Type of presentation: Invited

MS-2-IN-2482 Irradiation-induced Modifications and Beam-driven Dynamics in Low-dimensional Materials

Meyer J. C.1, Eder F. R.1, Mangler C.1, Kaiser U.2, Kotakoski J.1
1University of Vienna, Physics department, Vienna, Austria, 2University of Ulm, Central Facility for Electron Microscopy, Ulm, Germany
jannik.meyer@univie.ac.at

Irradiation-induced phenomena open a plethora of pathways for material modifications far beyond the thermal equilibrium and which are beyond the reach of direct synthesis. By using electron beams, such modifications can be induced and simultaneously observed at the atomic level. Moreover, in the analysis of 2-D materials, the position of every atom (rather than the atomic column) can be discerned in a high-resolution image.

For example, the introduction of multi-vacancy defects in graphene can be readily observed under 100kV aberration-corrected HRTEM [1], and the combination of vacancy creation and bond rotations can be used to convert graphene into two-dimensional amorphous carbon [1,2]. Atom loss can be directly counted in the images as a function of dose and in this way we have measured the knock-on sputtering cross sections for carbon atoms in graphene [3]. Recently, we have carried out a statistical analysis of the 2-D amorphous carbon (or carbon glass) structures with variable degree of disorder [4], enabled by an automated image analysis.
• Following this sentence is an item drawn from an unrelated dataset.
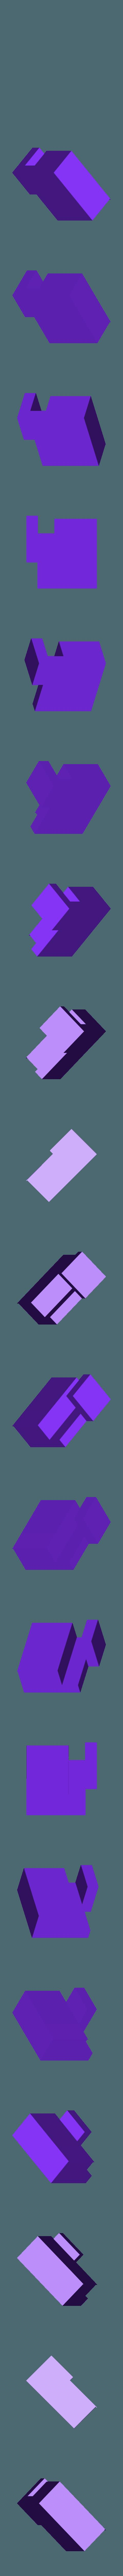 gear-rail-boxB.stl Download free STL file Mechnolia • 3D printing template, ChrisBobo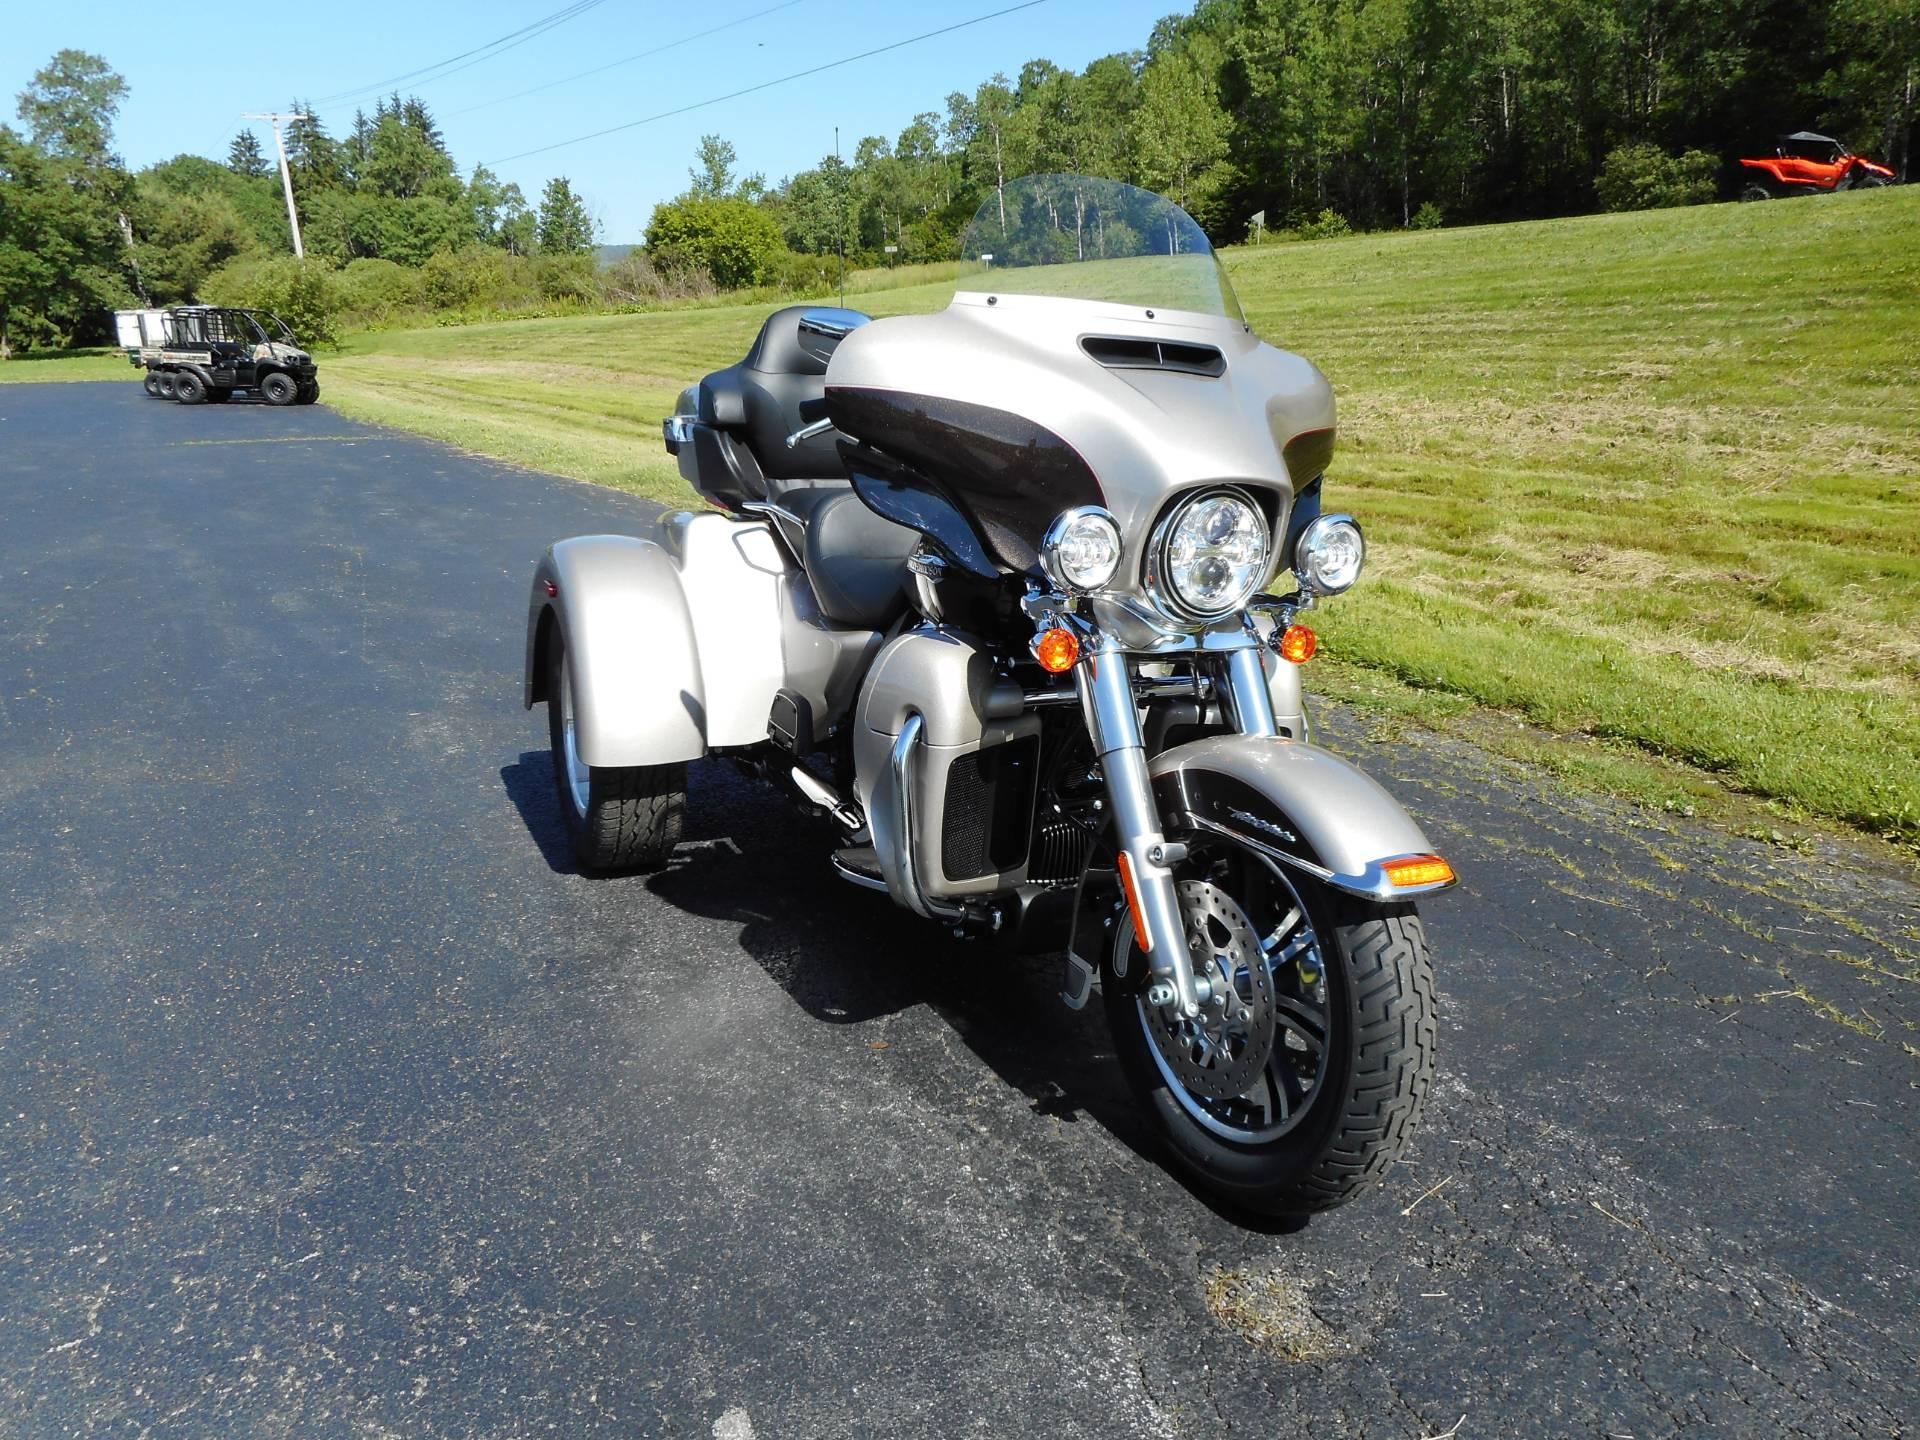 2018 Harley Davidson Tri Glide Ultra Review: New 2018 Harley-Davidson Tri Glide® Ultra Trikes In

For the first time, this provides atomic configurations for a continuous transition from a crystalline to an amorphous state, which were used for a statistical analysis based on experimentally obtained atomic coordinates.

At lower energies, the formation of defects in the pristine lattice is less likely, but existing defects convert from one configuration to another and migrate under the beam. Fig. 1 shows results from a 60kV STEM experiment under ultra-high vacuum conditions where double vacancies in graphene are extraordinarily stable; meaning that they neither convert into higher-numbered vacancies nor trap carbon and convert back to a pristine lattice, for long sequences of images. Nevertheless, the defects rapidly move via beam-driven bond rotations [5].

Although beam-driven dynamics are useful to modify materials under direct observation, these effects are also a major obstacle for the analysis of the pristine state of the sample. Using simulated data, we have shown a new approach to extract information from very low dose exposures [6], which will be discussed in the second part of the presentation. If this can be achieved also with experimental data, it may provide a novel route to circumvent the limitations of radiation damage in the analysis of materials.

[1] J. Kotakoski et al., Phys. Rev. Lett. 106 (2011), p. 105505. [2] J. Kotakoski et al., Phys. Rev. B. 83 (2011), p. 245420. [3] J. C. Meyer et al., Phys. Rev. Lett. 108 (2012), p. 196102. [4] F. Eder et al., Scientific Reports, in press (2014).  [5] J. Kotakoski et al., submitted (2014). [6] J. C. Meyer et al., Ultramicroscopy in press (DOI: 10.1016/j.ultramic.2013.11.010)


Austrian Science Fund (FWF: P25721-N20, M1481-N20 and I1283-N20), European Research Council (ERC) project PICOMAT, German Ministry of Science (DFG), Ministry of Research and the Arts (MWK) of the State of Baden-Wuertternberg within the SALVE project, Computational time from the Vienna Scientific Cluster.

Fig. 1: (a-d) Four subsequent frames of a di-vacancy defect. The transition from (a) to (b) requires at least four bond rotations (indicated by arrows) while only one bond rotation is sufficient from (c) to (d). (e-h) partial STEM images of different di-vacancy configurations, indicating that a transformation has occurred during the scan.

Fig. 2: (a) Simulated STEM data for infinite dose, and (b) processed for 500 electrons per square Angstrom. (c) Maximum-likelihood reconstruction from a larger area of low-dose data [6].